例えば、2009年にバラク・オバマ政権が始まった頃、セレブ関連に強いエンターテインメント誌「Us Weekly」はミシェル・オバマ親子を表紙の主役にしたんですが、その横で大きく人気歌手ジェシカ・シンプソンの体型変化にまつわる特集が打ち出されていた。「ジェシカの体重特集のために一家の父親であるバラクだけカットされた」噂が生まれて、人気TV司会者が大統領本人に「どう思うか」とコメントを求める事態も起きました。それくらい芸能ゴシップが凄かったんですけど、オバマ政権の時代にどんどん変わっていきました。
女性差別的でセレブをいじめていたタブロイド文化の存在感が一気に少なくなったんです。大きな要因は、ソーシャルメディアが普及したこと。ゴシップメディアが適当なことを書くと、セレブはツイッターやインスタグラムですぐ反論できるようになりました。逆にメディアがセレブのソーシャルメディアの投稿を後追いで報道するようになったんです。
そこで台頭したのが「自分の個性や見た目を肯定しよう」というエンパワメント系でした。日本でも資生堂の広告でレディー・ガガが「あなたらしい美を応援する」と打ち出していました。(「Be yourself./Lady Gaga with SHISEIDO」2015年)
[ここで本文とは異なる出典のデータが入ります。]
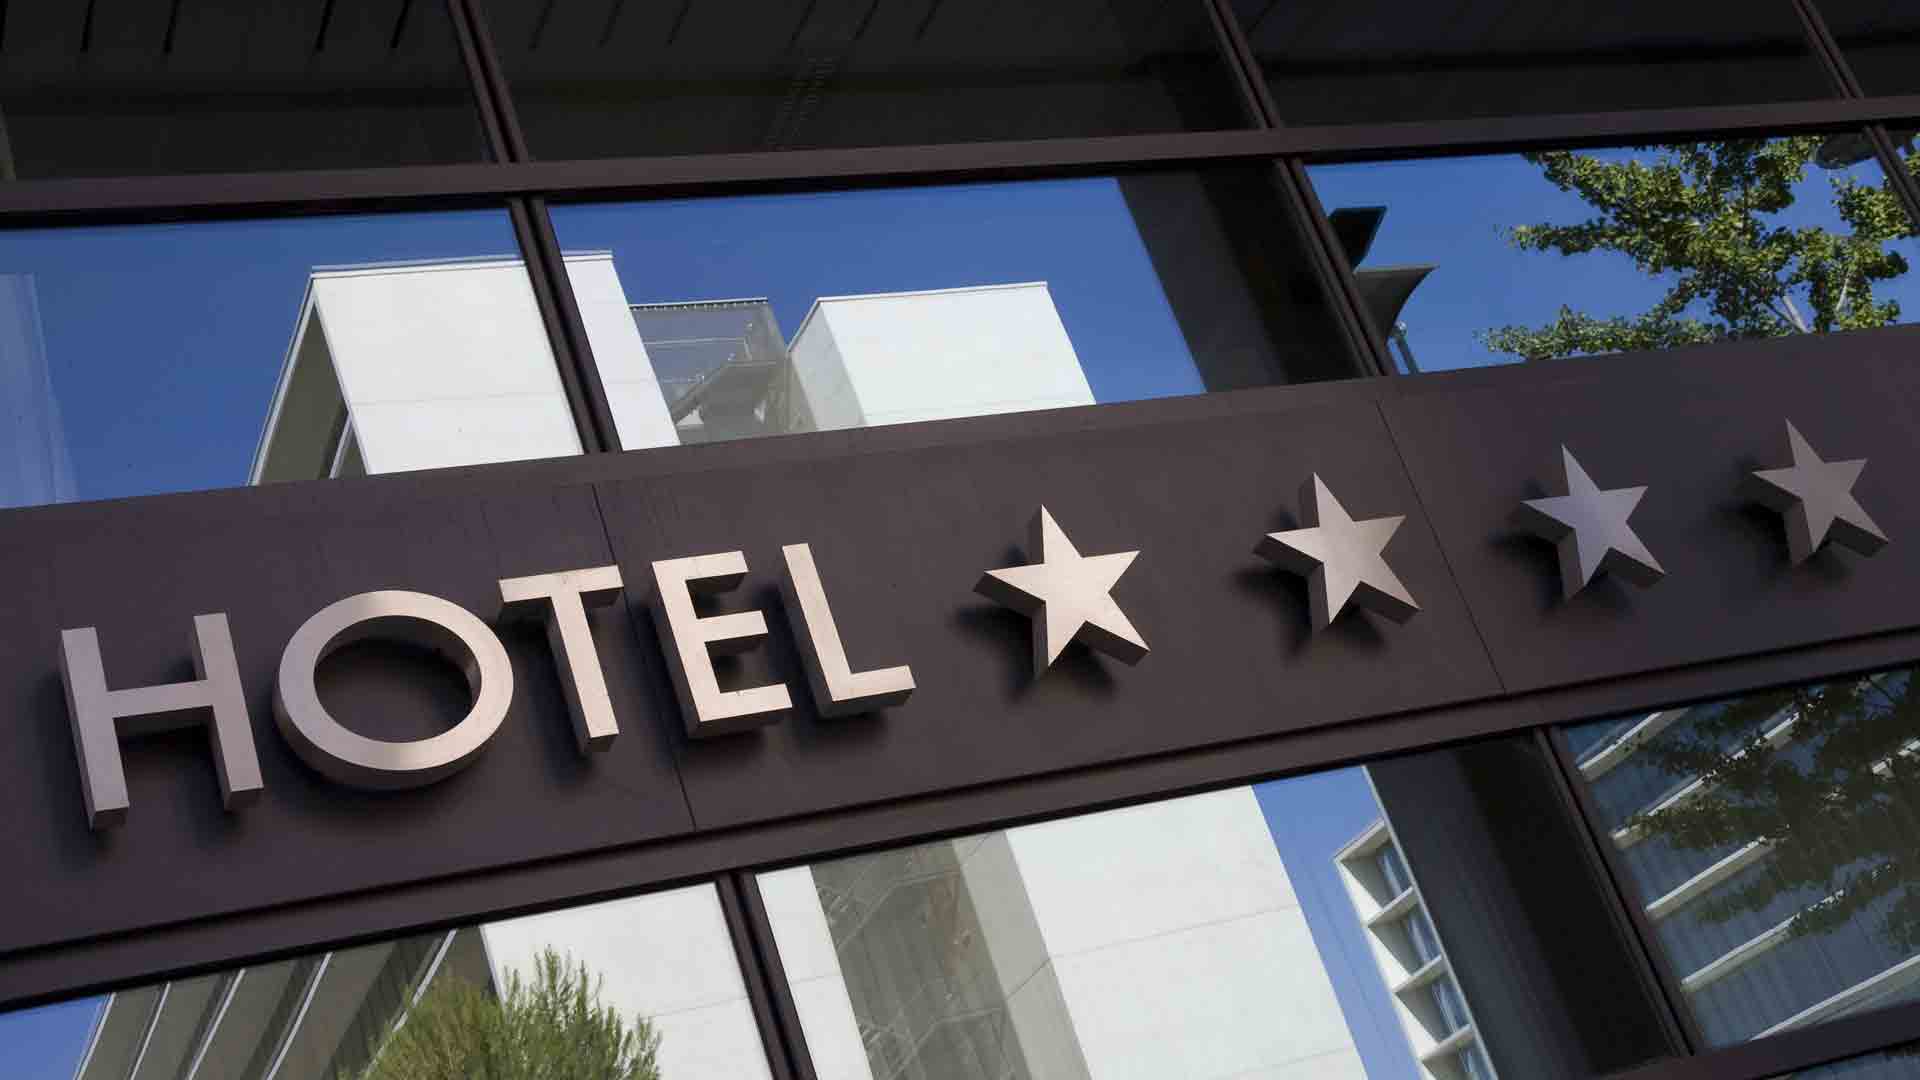 Forniture alberghiere: i migliori prodotti per hotel 4 stelle

そういう配信プラットフォームの地殻変動によって、人々の価値観やコンテンツが影響を受けるのが面白いなと思ったんです。ポップカルチャーには社会の変化が反映されることを意識するようになりました。
――レディー・ガガは最初に取り上げられていましたが、ポップミュージックの世界で「アイデンティティ政治」を広めた存在だとしていました。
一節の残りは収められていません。